··· Supplied material ···

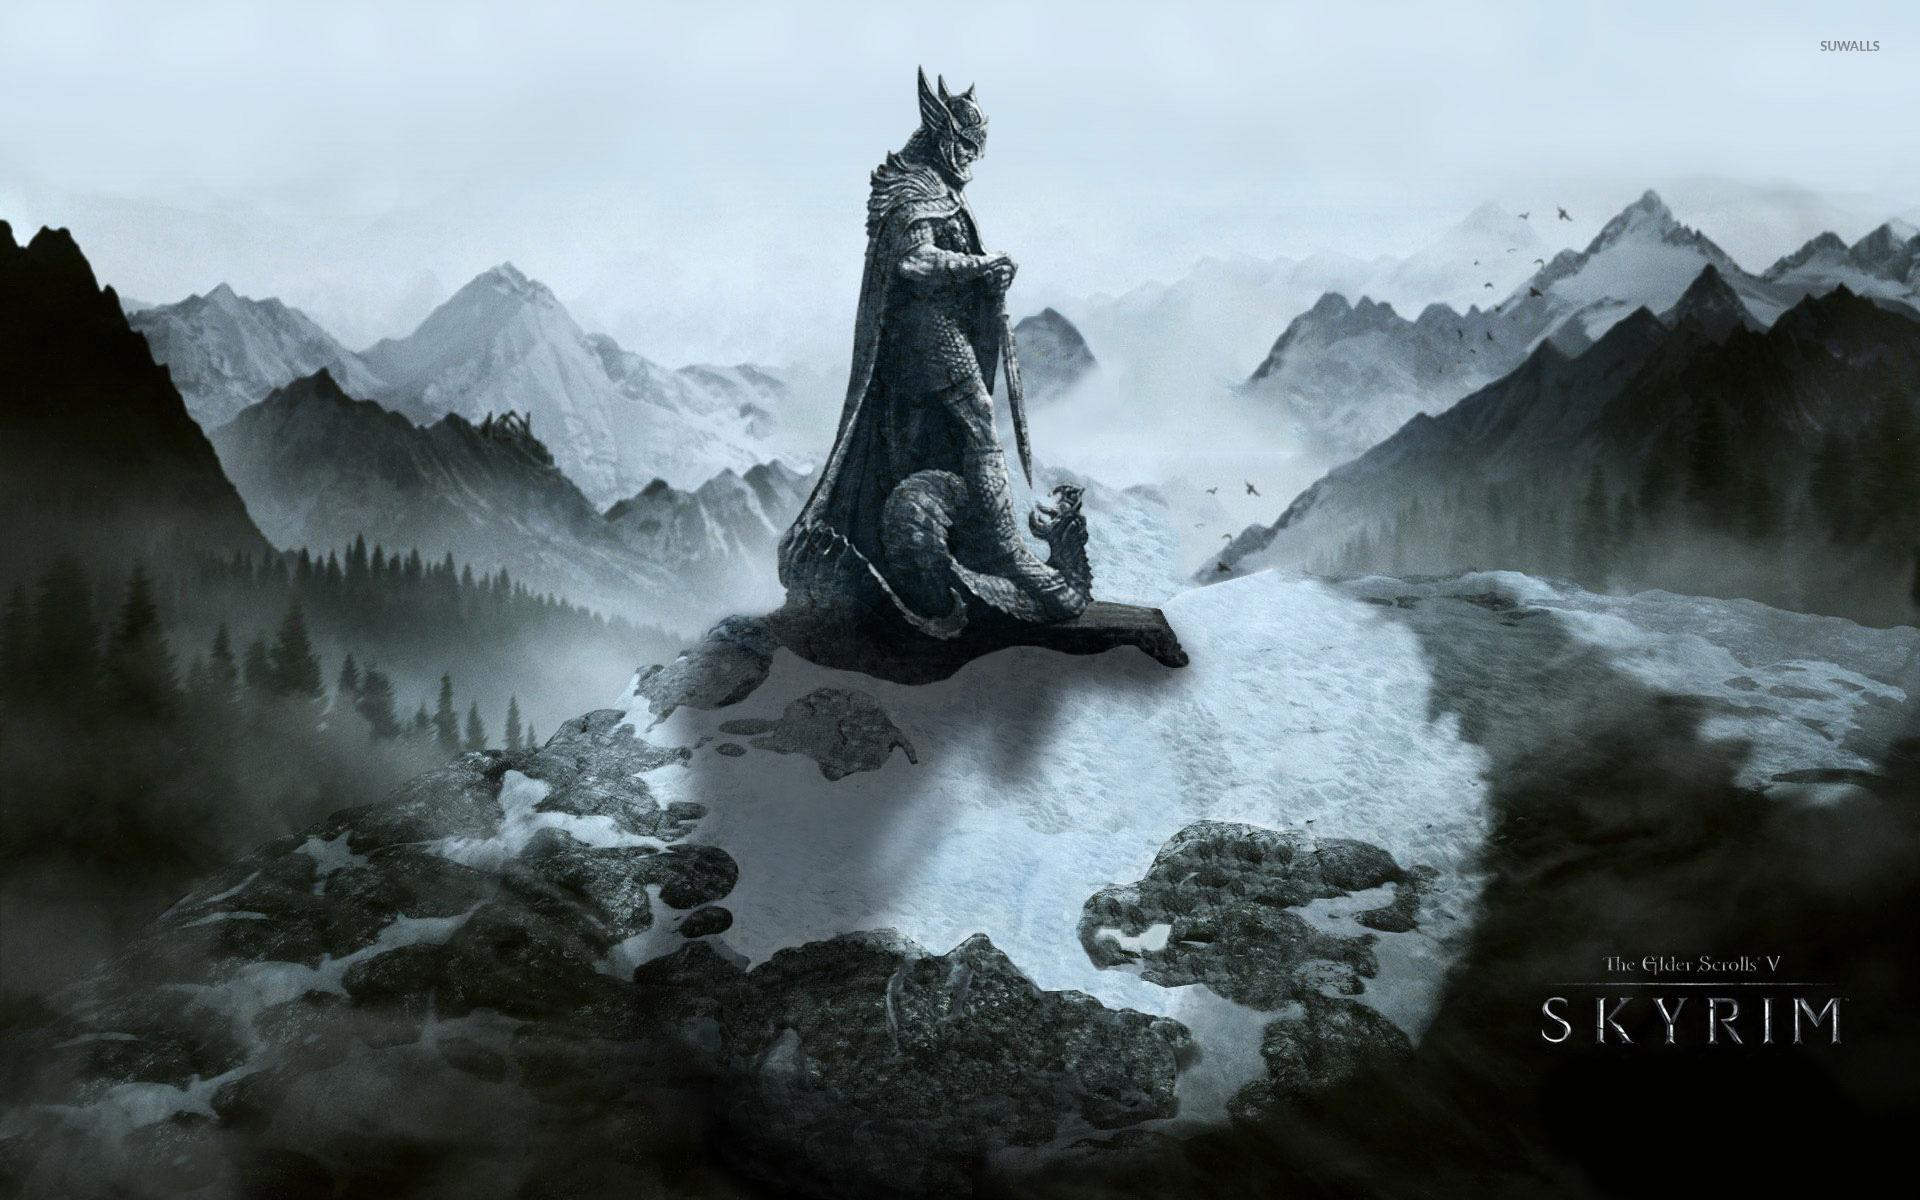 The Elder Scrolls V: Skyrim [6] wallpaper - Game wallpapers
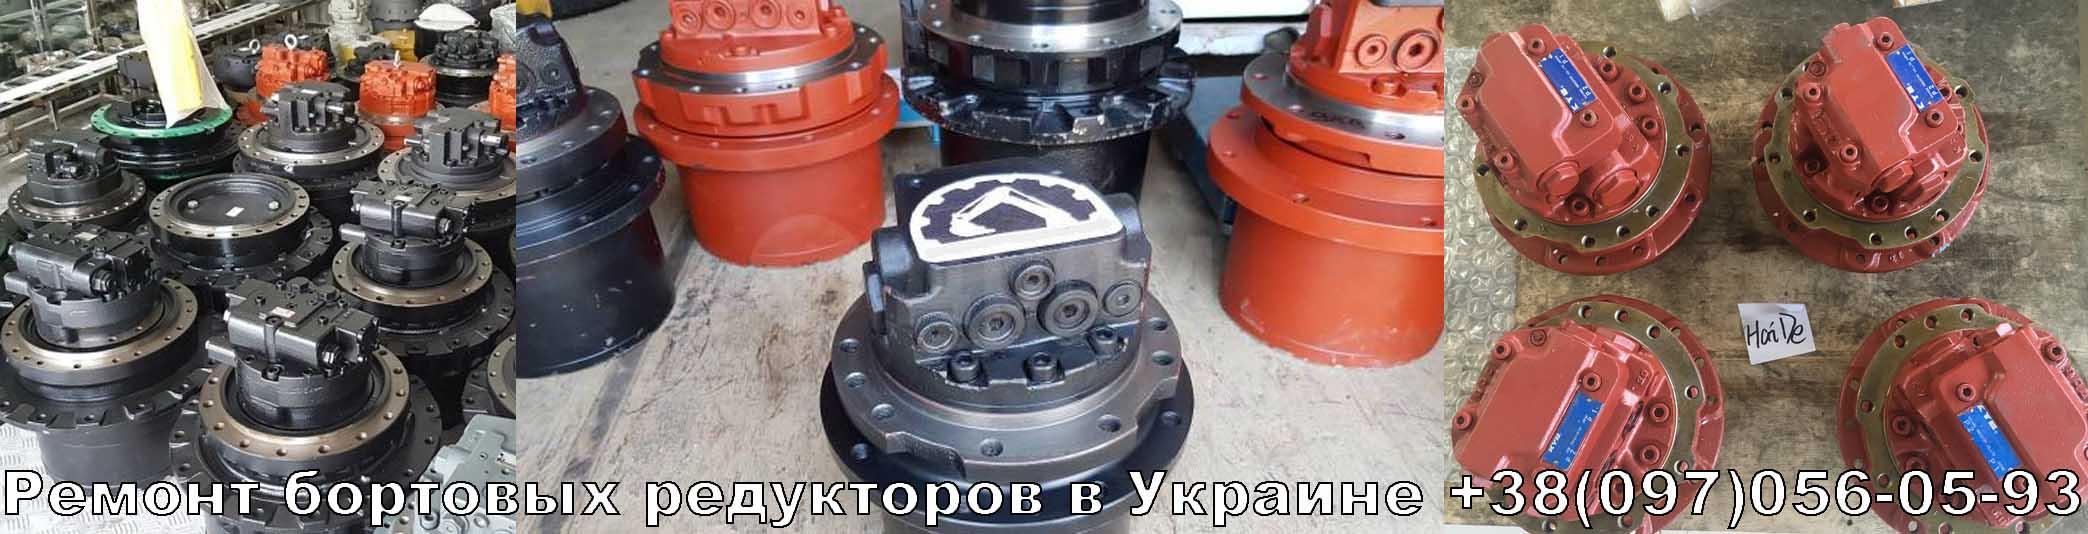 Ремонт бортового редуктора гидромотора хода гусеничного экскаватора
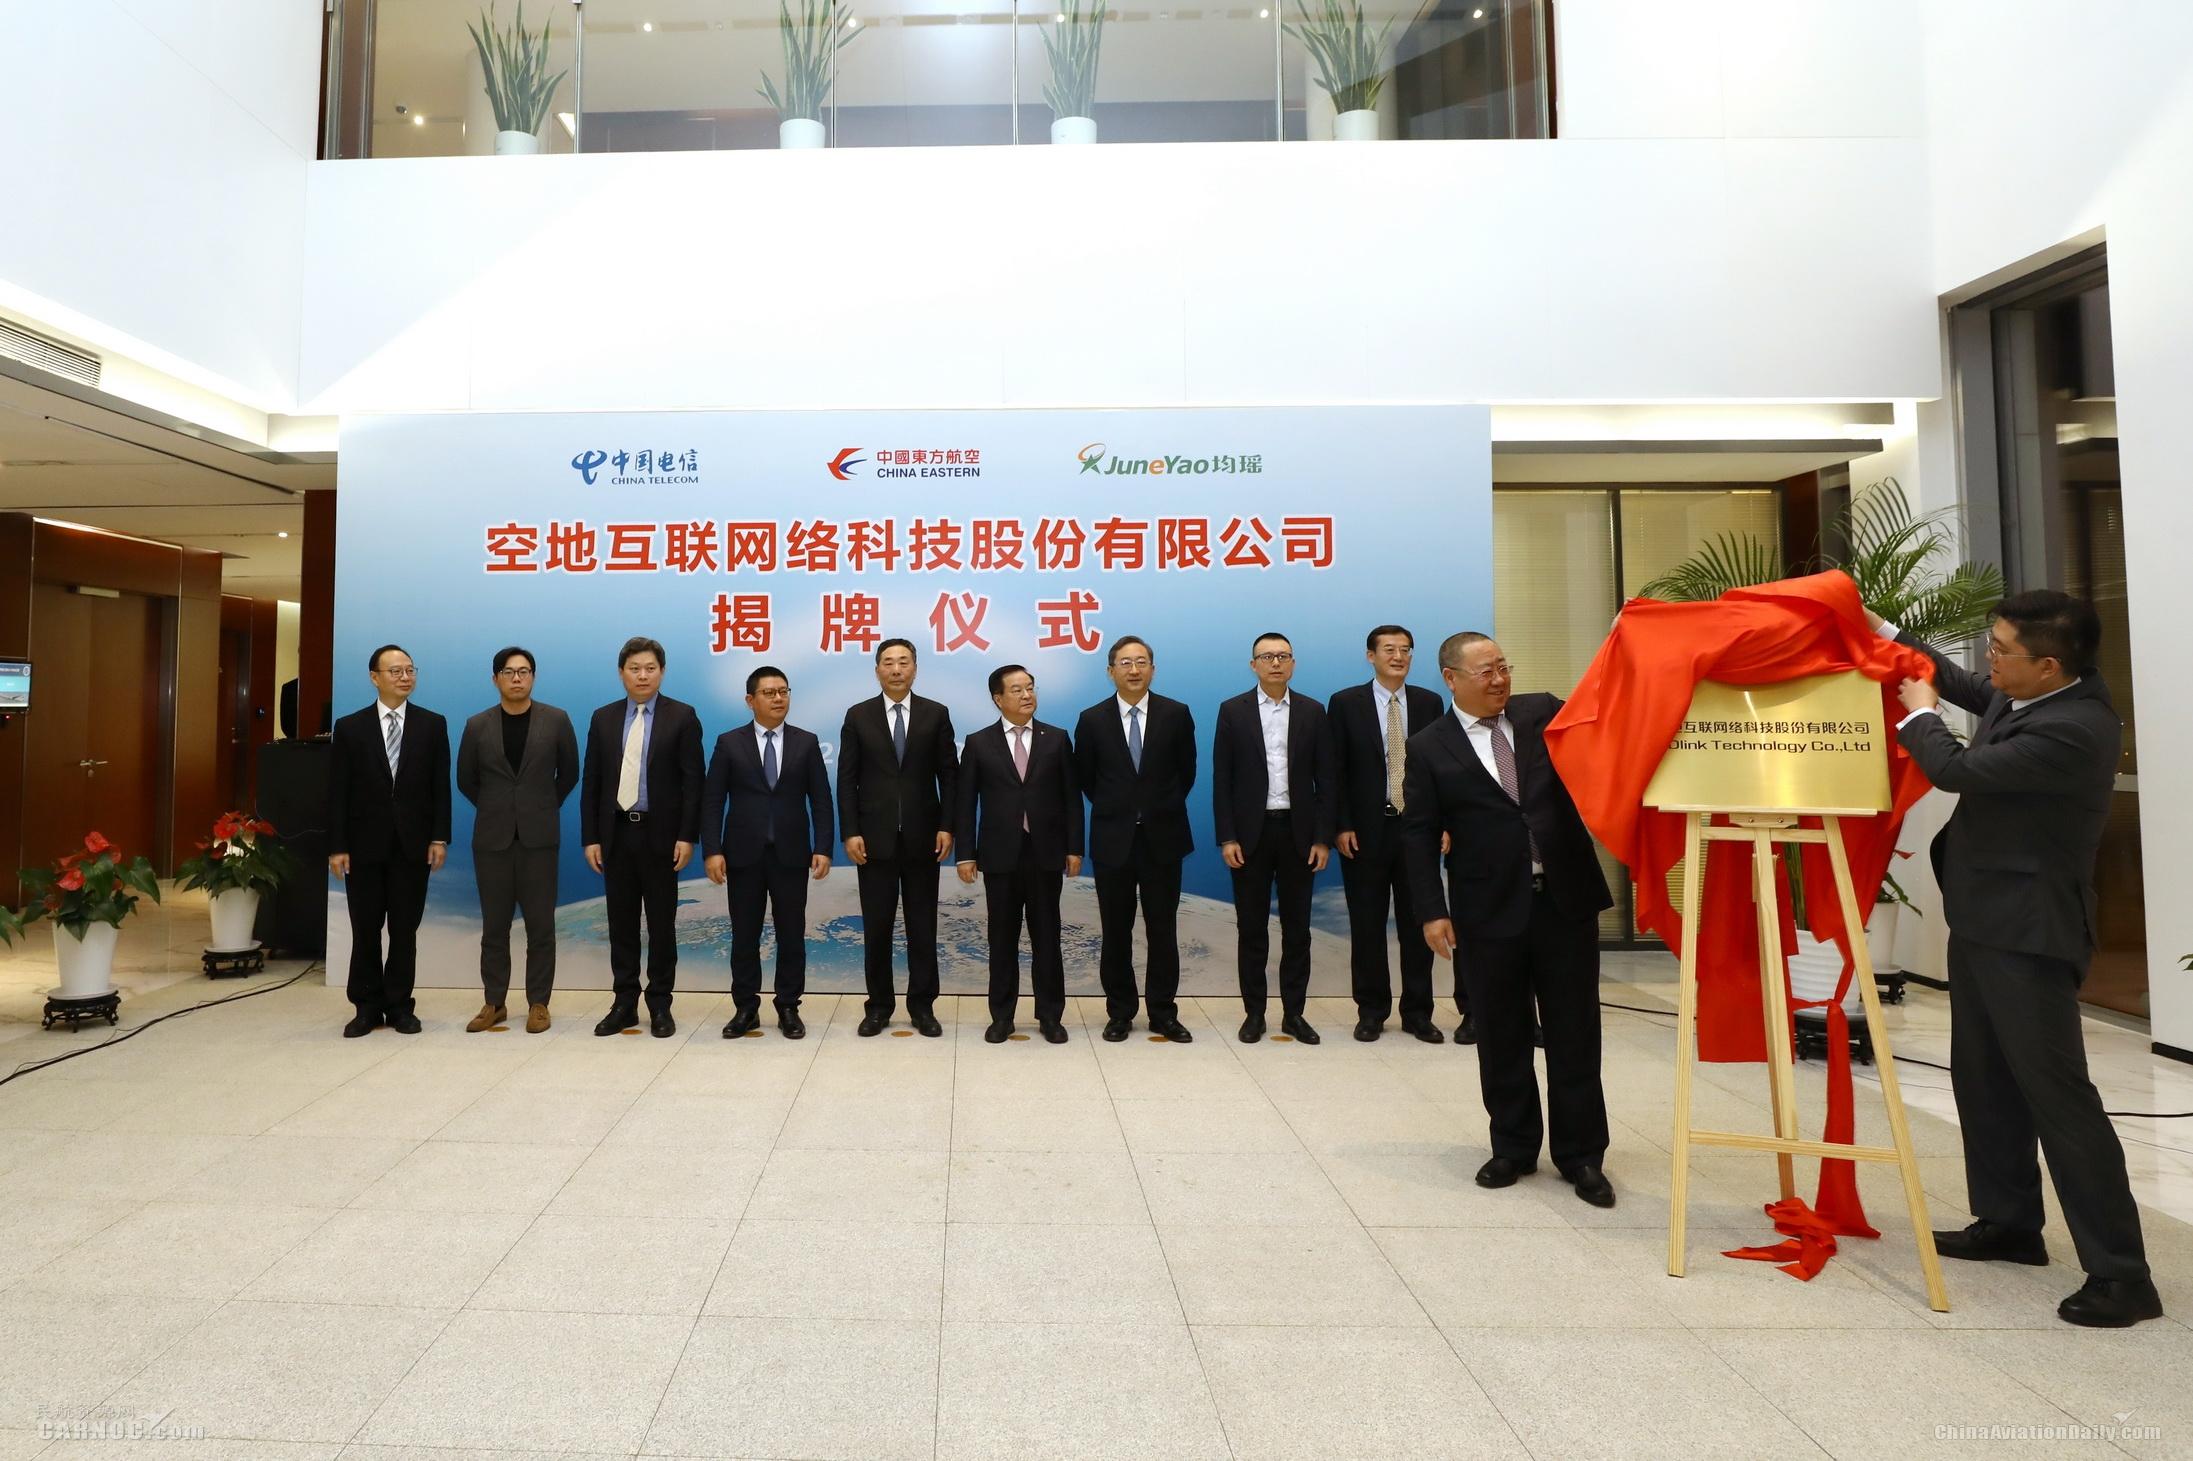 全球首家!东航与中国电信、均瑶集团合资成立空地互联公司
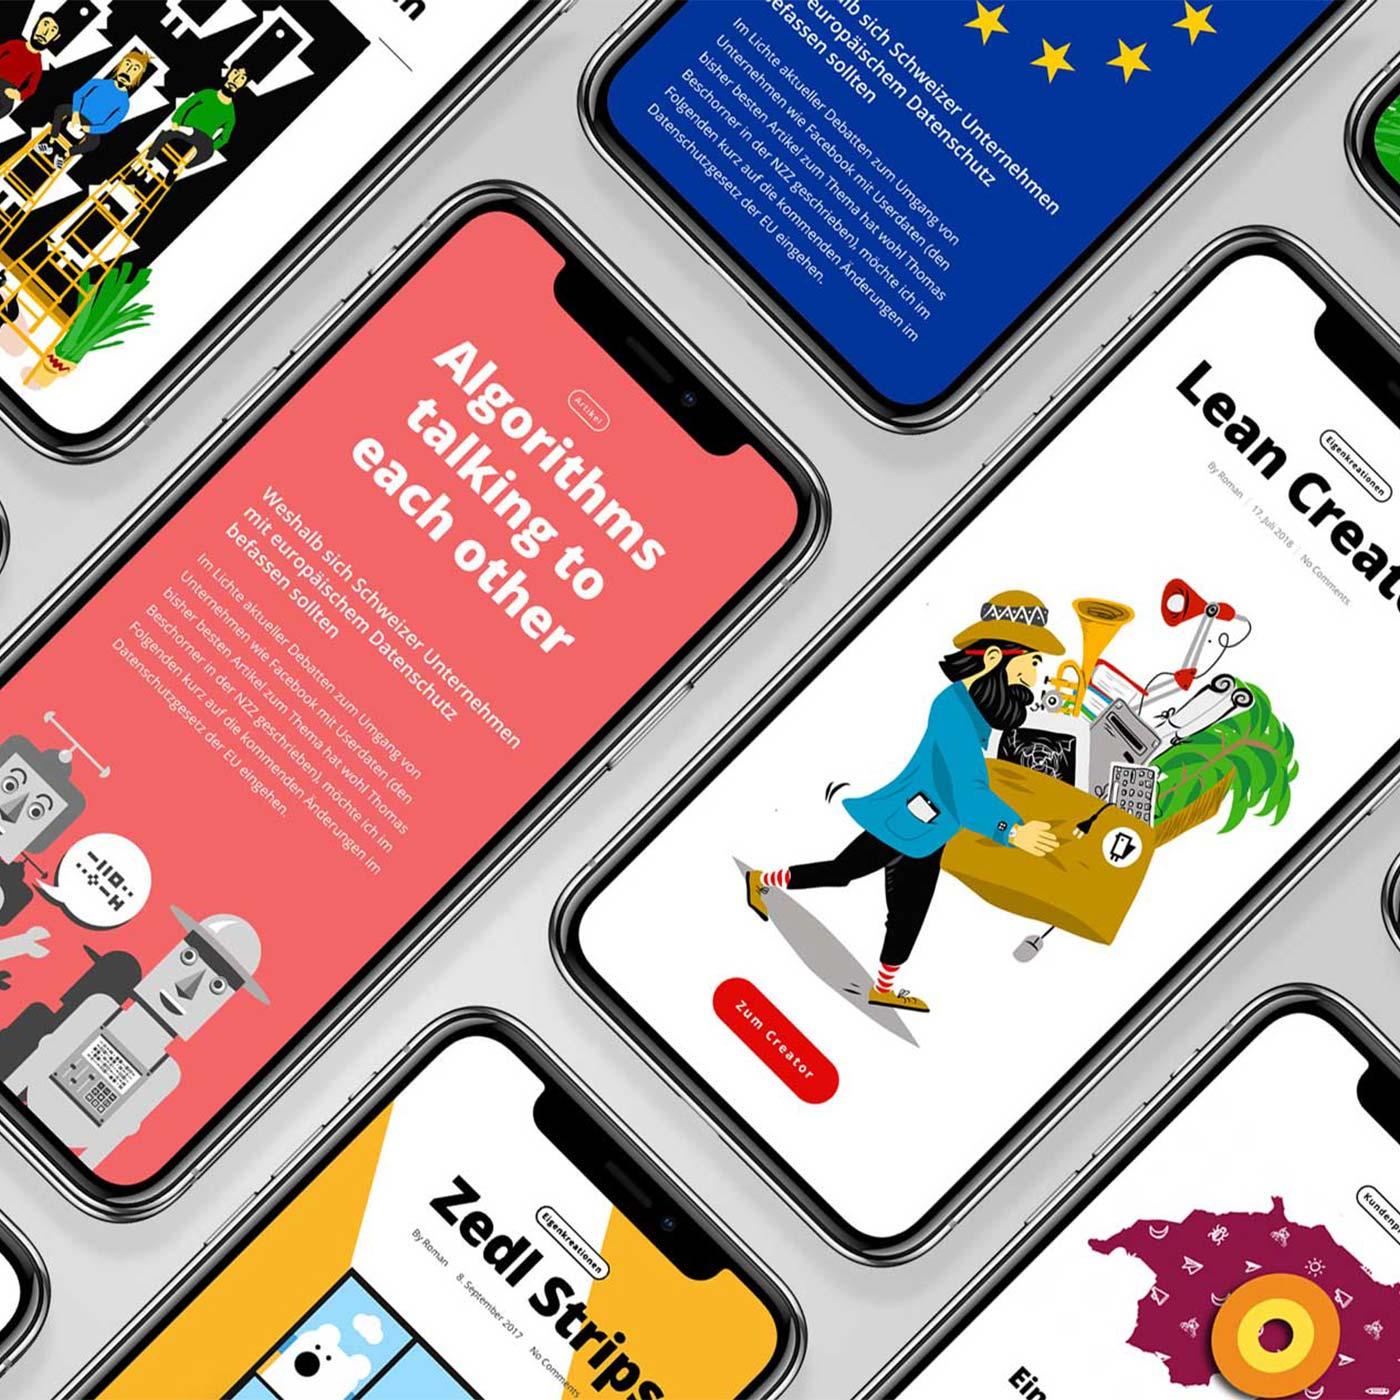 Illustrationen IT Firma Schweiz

···

- _What is required_
Give the data again word for word, without pictures.

- _Written response_
 The Elder Scrolls V: Skyrim [6] wallpaper - Game wallpapers
 Ремонт бортового редуктора гидромотора хода гусеничного экскаватора
 全球首家!东航与中国电信、均瑶集团合资成立空地互联公司
 Illustrationen IT Firma Schweiz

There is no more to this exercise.